The Takeovers Panel - which met in a marathon session ending early yesterday morning - has decided the latest two-tiered offer tabled by Lion and contingent on the sale of its 19.9 per cent defaulting securities is inconsistent with the new Takeovers Code.
It has pinned its problems with the controversial offer on information presented to potential bidders through lead broker Macquarie Equity Capital Markets, which it describes as "revealing."
Specifically, the panel says, is a section in Macquarie's investment sheet to potential institutional buyers of Lion's 19.9 per cent defaulting securities entitled "Pricing of Divestment" which is "focused explicitly on their average realisation the institutions would agree if they bought from Lion and then accepted Lion's offer(s) for their Montana shares. All scenarios require the partial offer at $5.50 and the $3.70 offer."

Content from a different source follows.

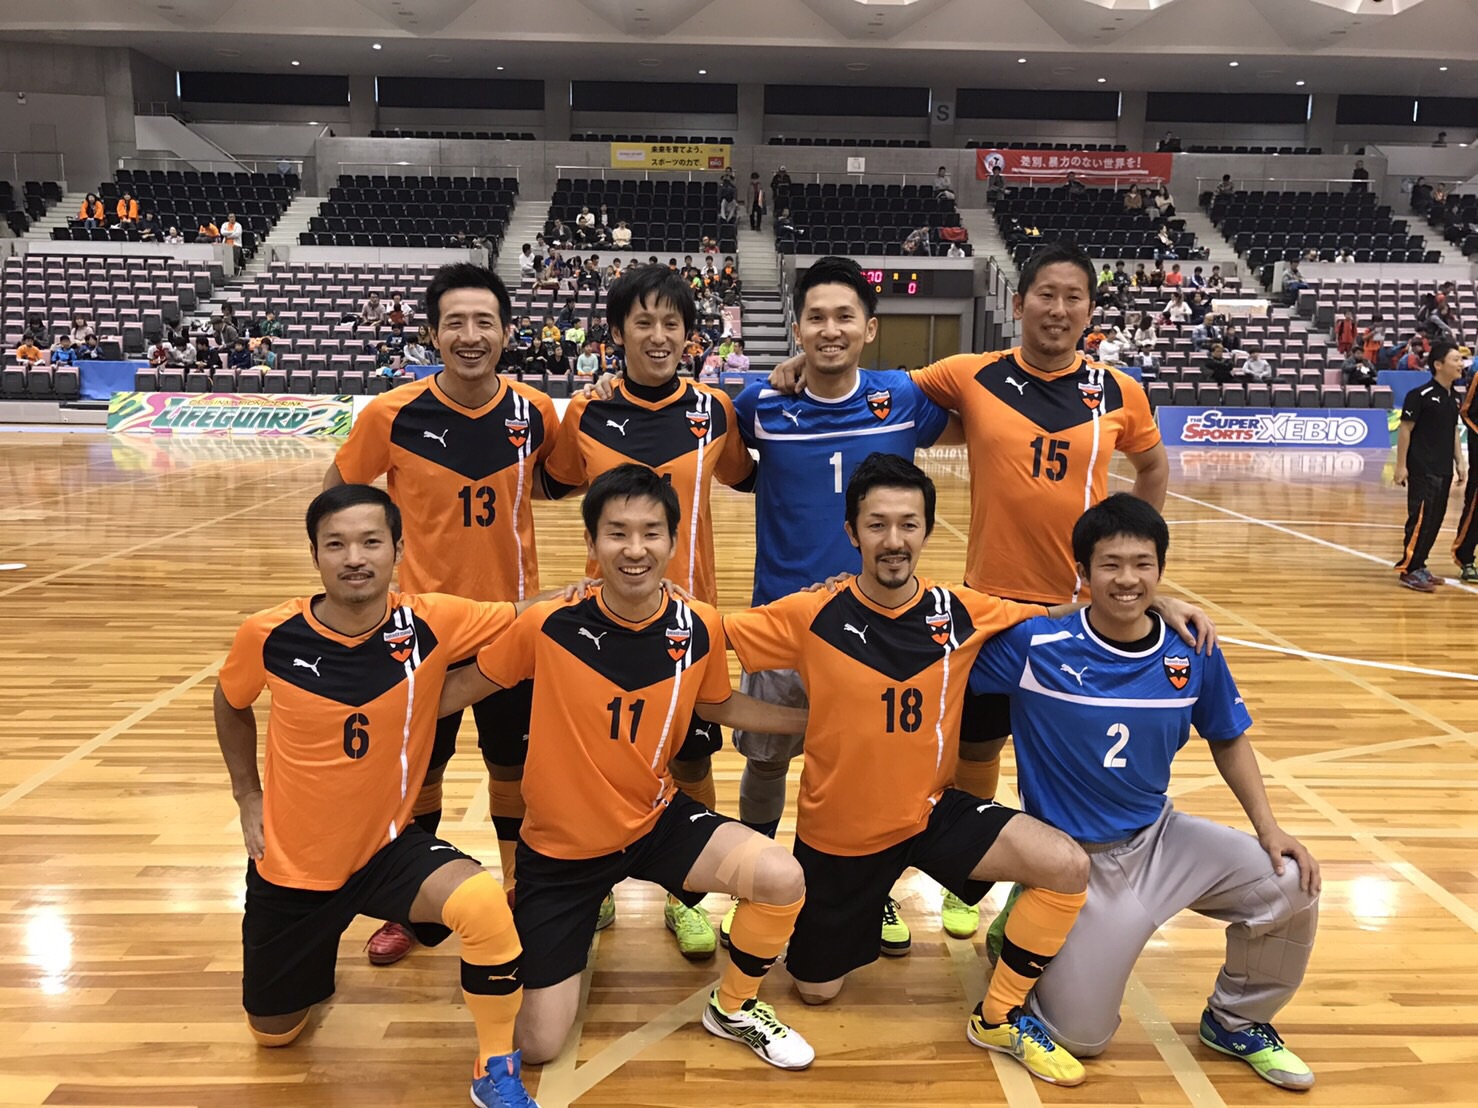 シュライカー大阪ob戦 一般社団法人 Gatt Futsal School ガットフットサルスクール

Although partial offers are permitted under the code, dual-priced single offers are not.
Lion's offer appeared to be the latter.
Lion was forced to relinquish 19.9 per cent of Montana last month after the standing committee found Lion broker CSFB had prematurely solicited sellers of Montana shares on the night of February 8.
The penalty handed to Lion by the Takeovers Panel yesterday was the second within 24 hours, with the reconvened standing committee ruling on Monday that Lion's two-tier offer breached both listing rules and a previous committee ruling.
Both the standing committee and the panel have also found fault with various announcements made by Lion top brass, including chief financial officer Paul Lockey's statement that "Lion Nathan's offers provide Montana shareholders with an opportunity to sell all their Montana shares at fair value."
As a result, the panel said, "shareholders were encouraged to evaluate both offers together," something which also did not comply with the new Takeovers Code.
The panel extended a ban on Lion's buying shares under the offer for a further 21 days.
Lion Nathan was subdued on its double censure yesterday, saying only that it was considering its options and would not comment until it had seen a full written account from the standing committee of the decision. It is unknown when that decision will be made public.
It is thought today's post will hold the clues to Lion's ongoing fortunes in the Montana stoush. Allied is mailing its Montana takeover offer at $4.80 a share to shareholders, which is conditional on its gaining 50 per cent control.
A crucial aspect of that offer is whether it is open for 30 or 90 days. If it is open for only 30 days, it will not overlap Lion's offer and could give Allied an advantage.
Lion shares have climbed steadily since Valentine's Day. They were at a low of $4.54 then, but at the close of trade yesterday they were $5.50, down 2c for the day.